■ TASK BRIEF: Starting at the line that contains "My studio cube" in the listing below, write out every line word for word until you have written the line that contains "Trumpet Gig Knobs".

Top of DATA PROVIDED

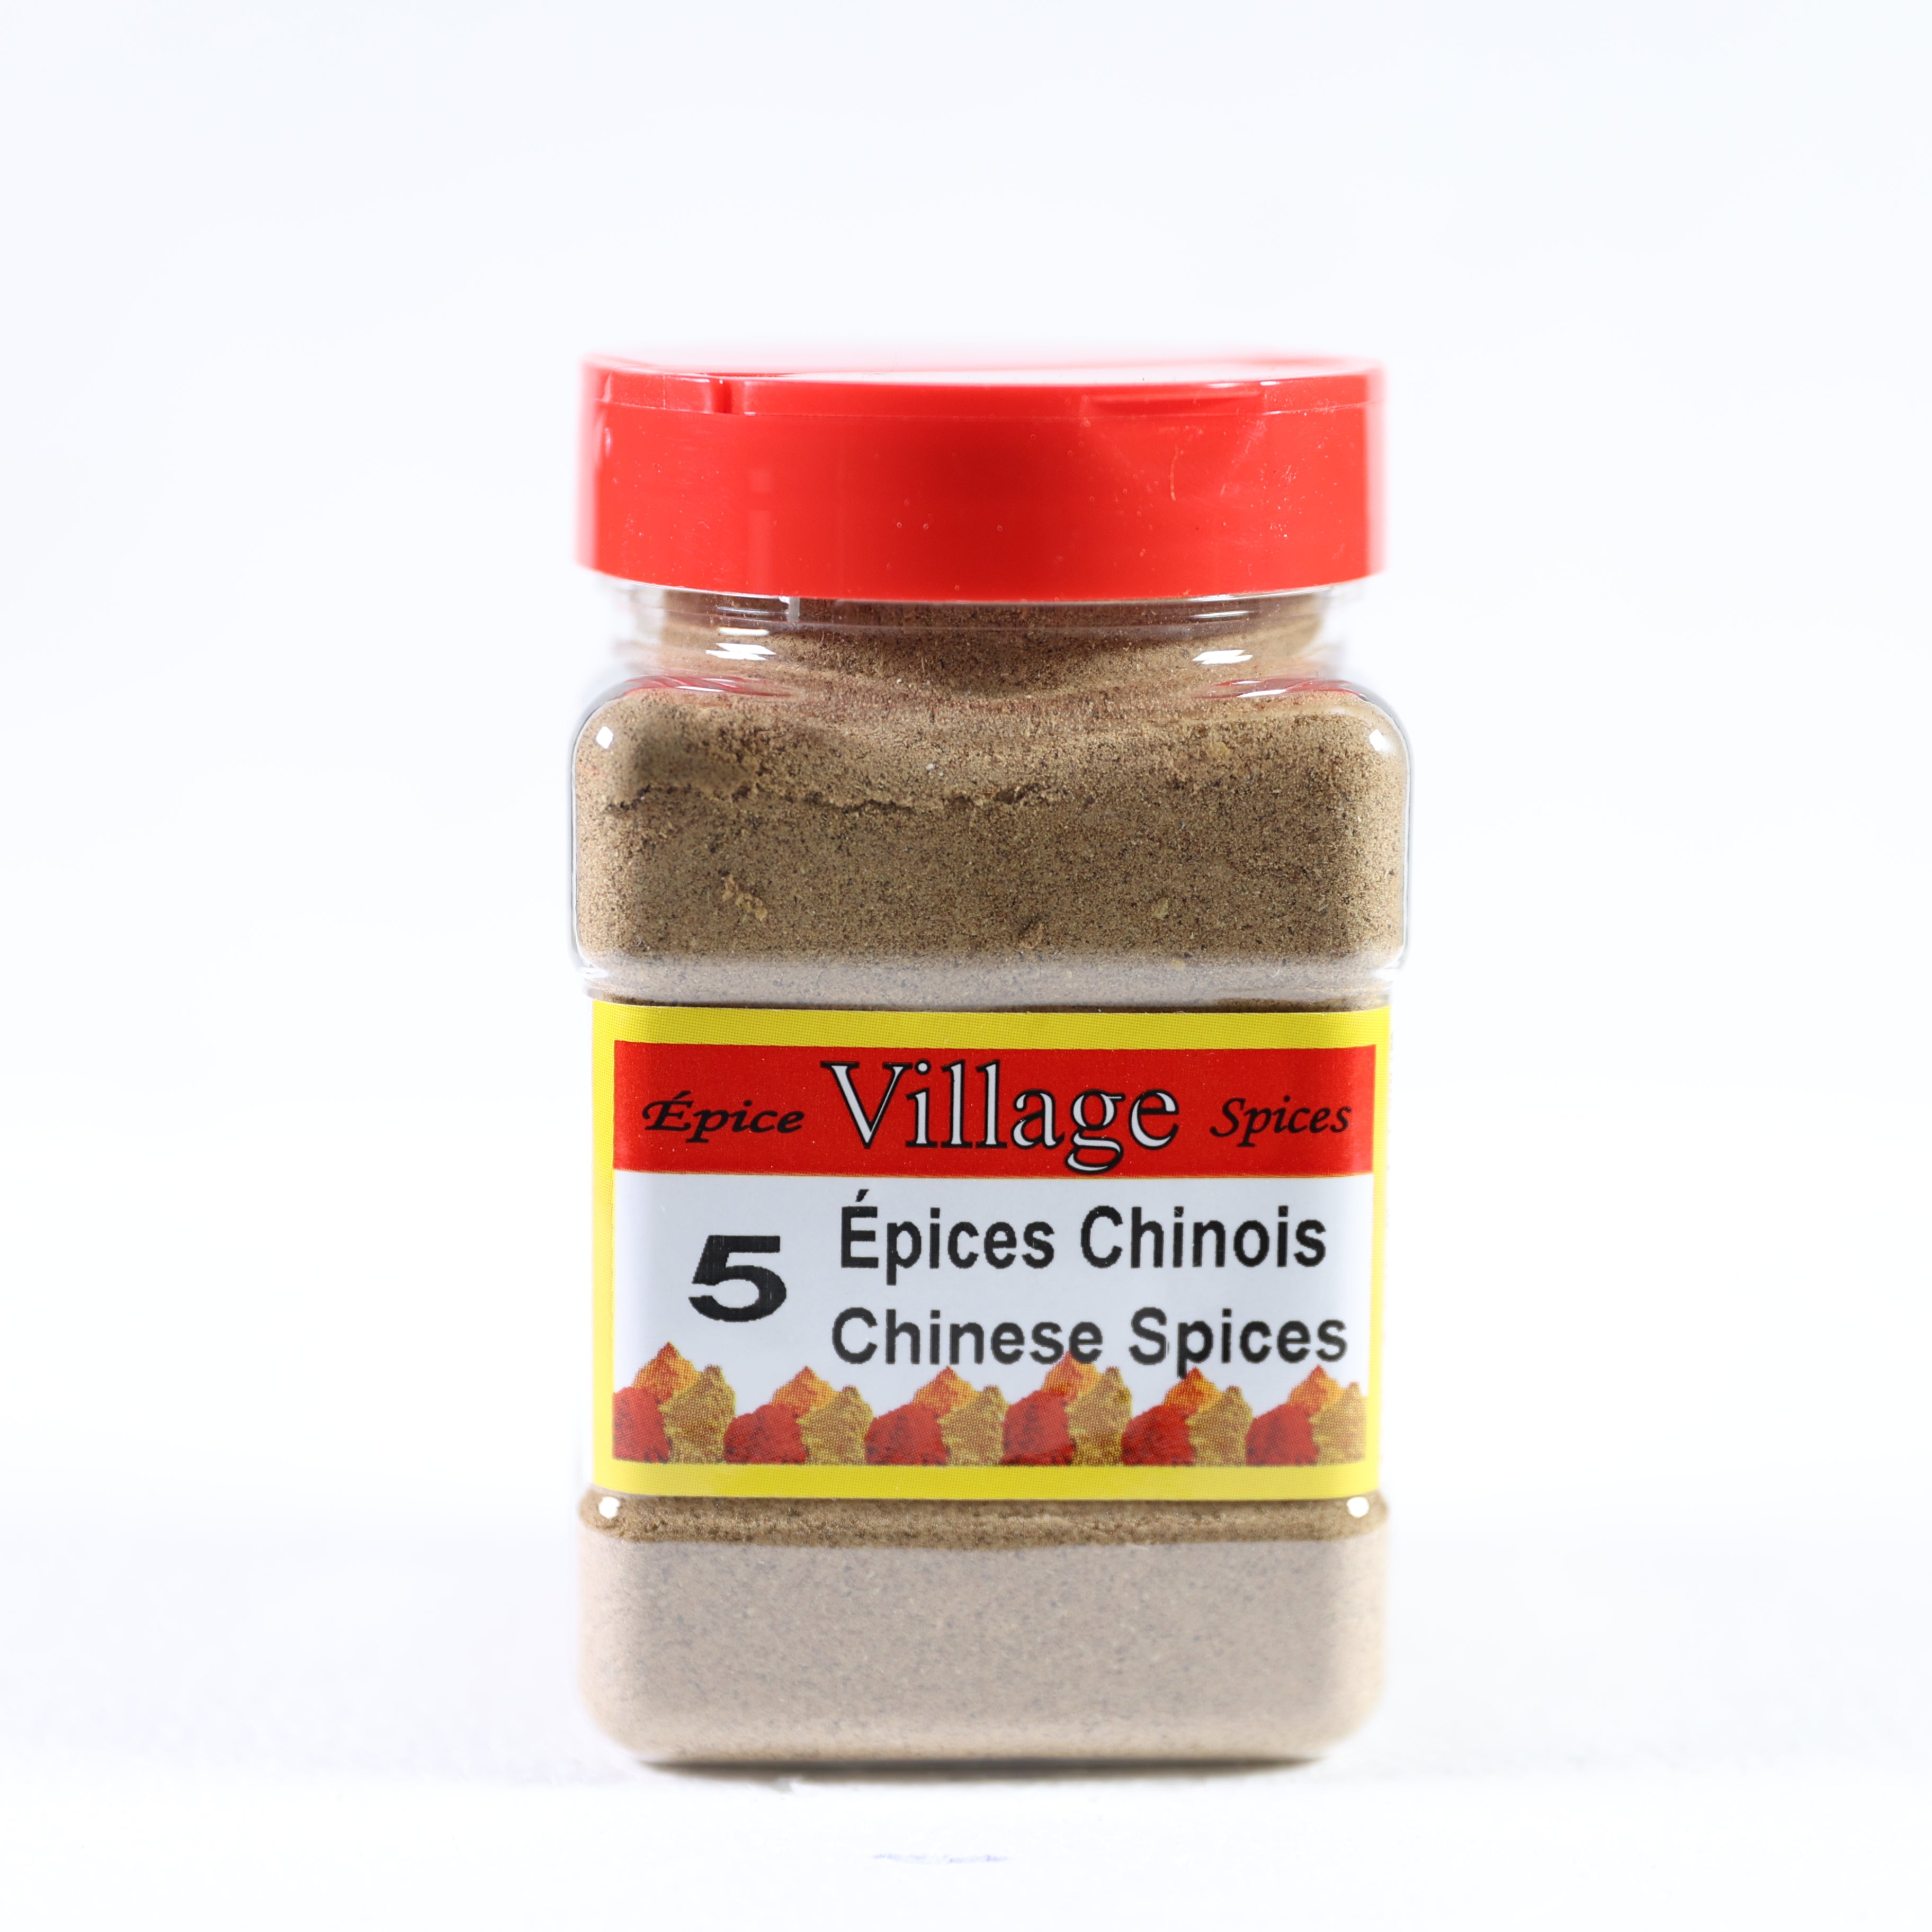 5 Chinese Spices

Bottom of DATA PROVIDED
Top of DATA PROVIDED

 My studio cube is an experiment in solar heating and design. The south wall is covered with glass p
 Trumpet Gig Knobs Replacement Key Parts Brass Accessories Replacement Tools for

Bottom of DATA PROVIDED
Top of DATA PROVIDED

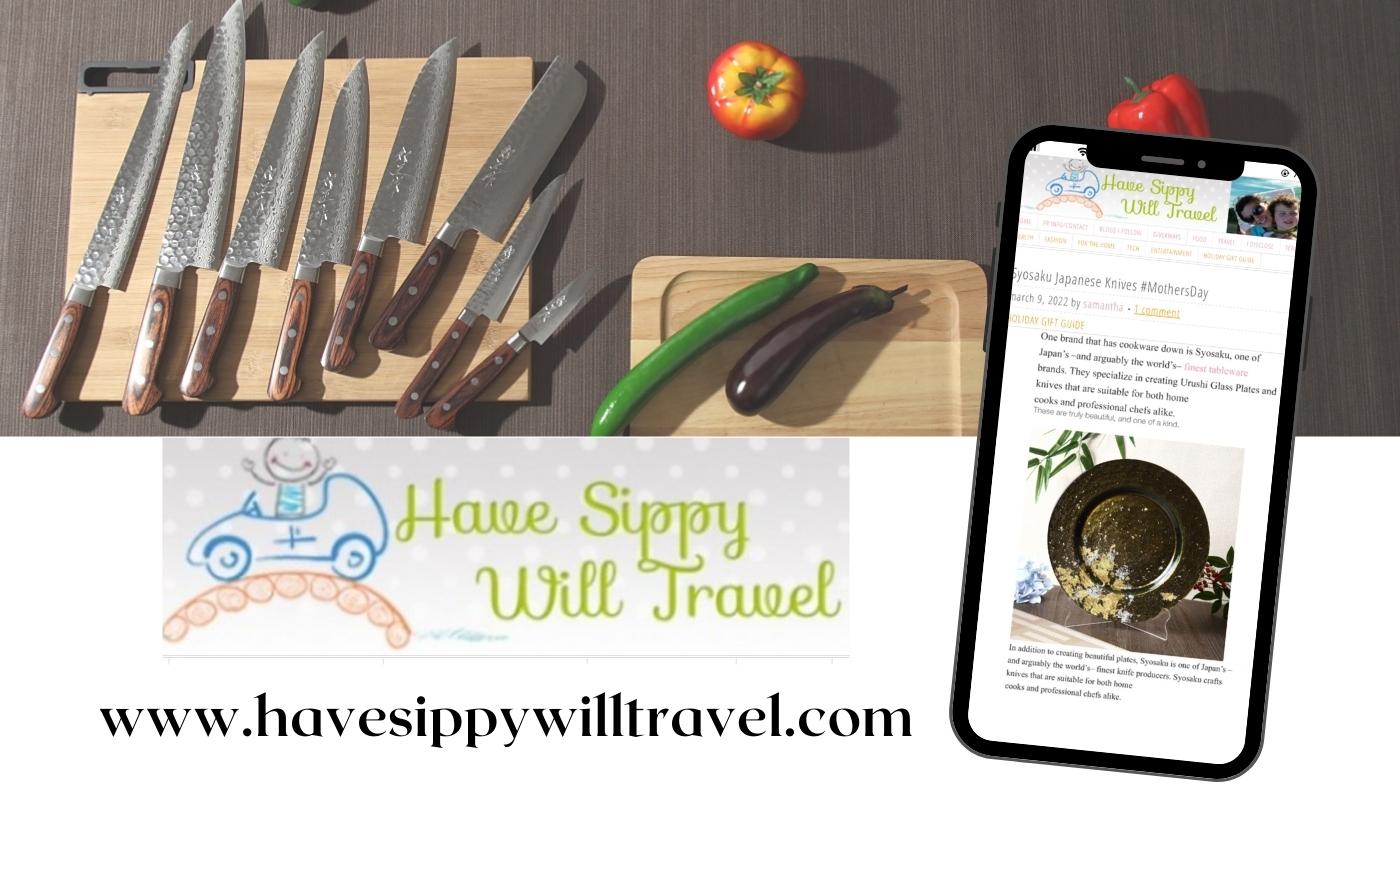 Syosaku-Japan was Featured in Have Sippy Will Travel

Bottom of DATA PROVIDED

■ ANSWER SECTION:
 My studio cube is an experiment in solar heating and design. The south wall is covered with glass p
 Trumpet Gig Knobs Replacement Key Parts Brass Accessories Replacement Tools for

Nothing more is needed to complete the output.